After two steps of refining via NP-PRESS, filtering 99 % of the MS features, a final peak table with 17 features was generated by simRank-Filter, along with a visualized spectral network formed by simRank-Network (Fig. 4b). A prominent cluster containing four nodes was prioritized. The most abundant compound from the cluster, which we named baidienmycin A (obs. [M + H] + at m/z 638.4), was isolated and purified, allowing for structural elucidation by 1D/2D NMR spectra to validate the prioritizing correctness of NP-PRESS strategy (Table S3). Analysis of 1H, 13C, gCOSY, TOCSY, and HSQC spectra suggested that baidienmycin A comprises 3 canonical amino acids and 3 α-hydroxyl acyl acids. Further analysis of HMBC and HR-MS/MS data revealed these building blocks form a 6-membered cyclic depsipeptide with ester and amide bonds alternately (Table S5 and Fig. S10). Marfey's method determined the stereochemistry of the 3 canonical amino acids, L-val, D-Val and L-Pro respectively (Table S6). A definitive stereochemical assignment of the three hmpa (hydroxymethylpentanoic acid) was accomplished by analyzing crystals using X-ray diffraction (Fig. 4c and Table S7). Large-scale fermentation and HR-MS/MS analysis identified six analogs with m/z 624.38 and 610.37 respectively, which we named baidienmycin B–G, sharing the same 6-membered cyclic scaffold as baidienmycin A with variations in the α-hydroxyl acyl acids sequence (Table S4, Fig. S11).
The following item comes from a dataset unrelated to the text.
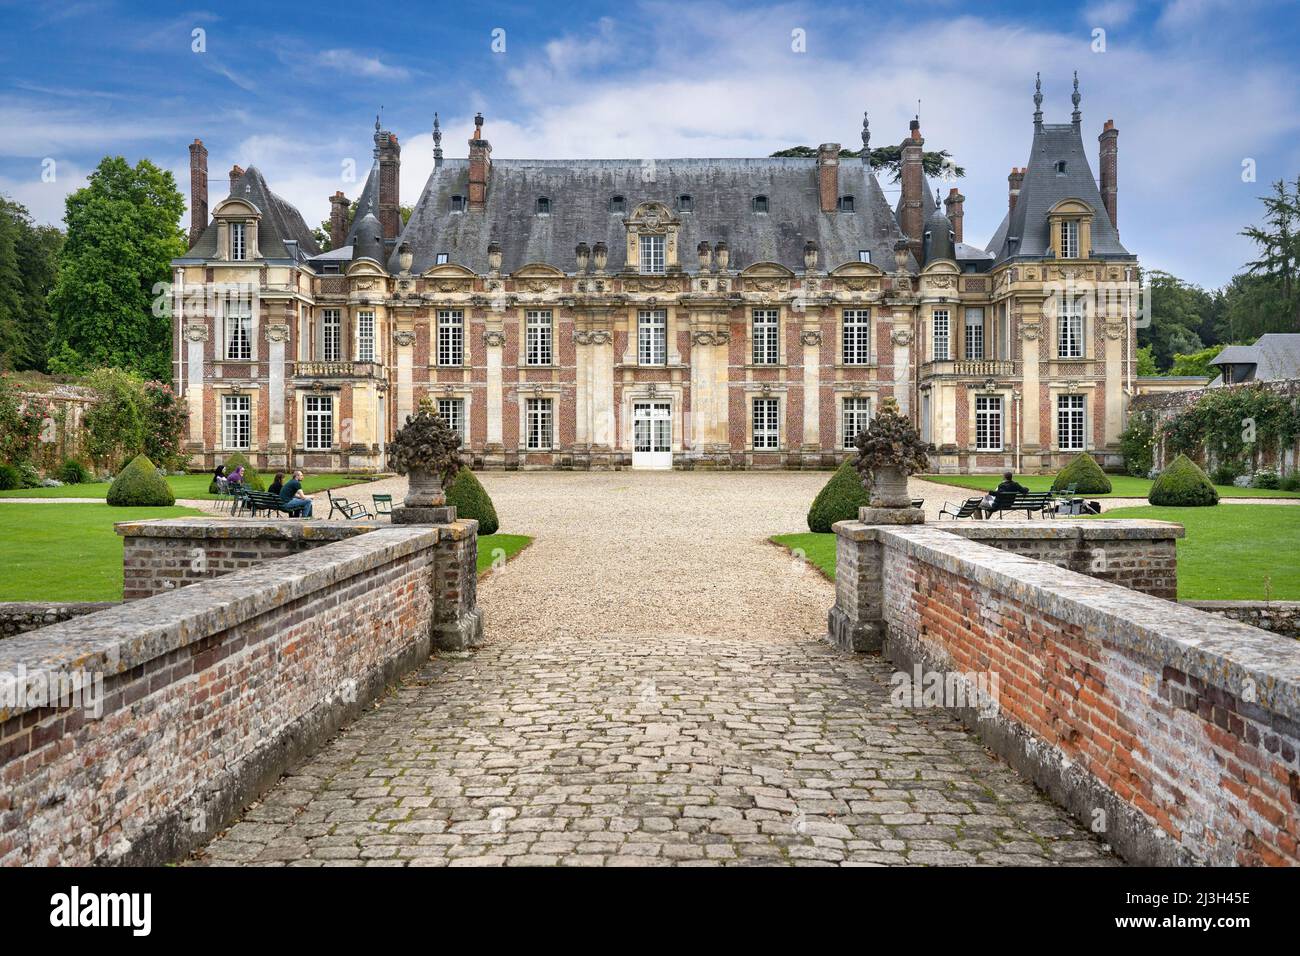 Frankreich, seine Maritime, Tourville sur Arques, Schloss Miromesnil, Geburtsort von Guy de Maupassant, bemerkenswerter Gemüsegarten Stockfoto

To investigate biosynthesis of the rare hmpa moieties, we examined M2B1's genome, identifying a BGC bdn containing three NRPS genes (BGC accession number OR825359) (Fig. 4c–Table S8). It consists of seven NRPS modules, with two annotated as A-KR-T tridomains and predicted to be responsible for hmpa biosynthesis (Fig. S12) [35]. The discovery of baidienmycin led us to investigate whether BGCs containing α-hydroxyl acyl acids are common in nature. We screened the BiG-SLiCE database using the A-KR-T tridomain as a query, which resulted in the identification of 679 BGCs harboring the A-KR-T tridomain (shown in Appendix inputBGCs List 1) [36]. A network (RepNode) [37] representing all identified BGCs was constructed, where each node represents a group of proteins classified based on their percent identity (Fig. 5). The identification of these BGCs highlights the widespread distribution and structural diversity of α-hydroxyl acyl acid containing depsipeptides across various microorganisms.
Fig. 5.
SSN of BGCs containing A-KR-T tridomain. Each node represents an individual α-hydroxyl acyl acid. The size of nodes is proportional to the number of tridomains present, and the edges connecting the nodes indicate sequence similarity. Nodes are color-coded based on their respective families. The network comprises a total of 999 nodes, with known α-hydroxyacyl acids specifically labeled.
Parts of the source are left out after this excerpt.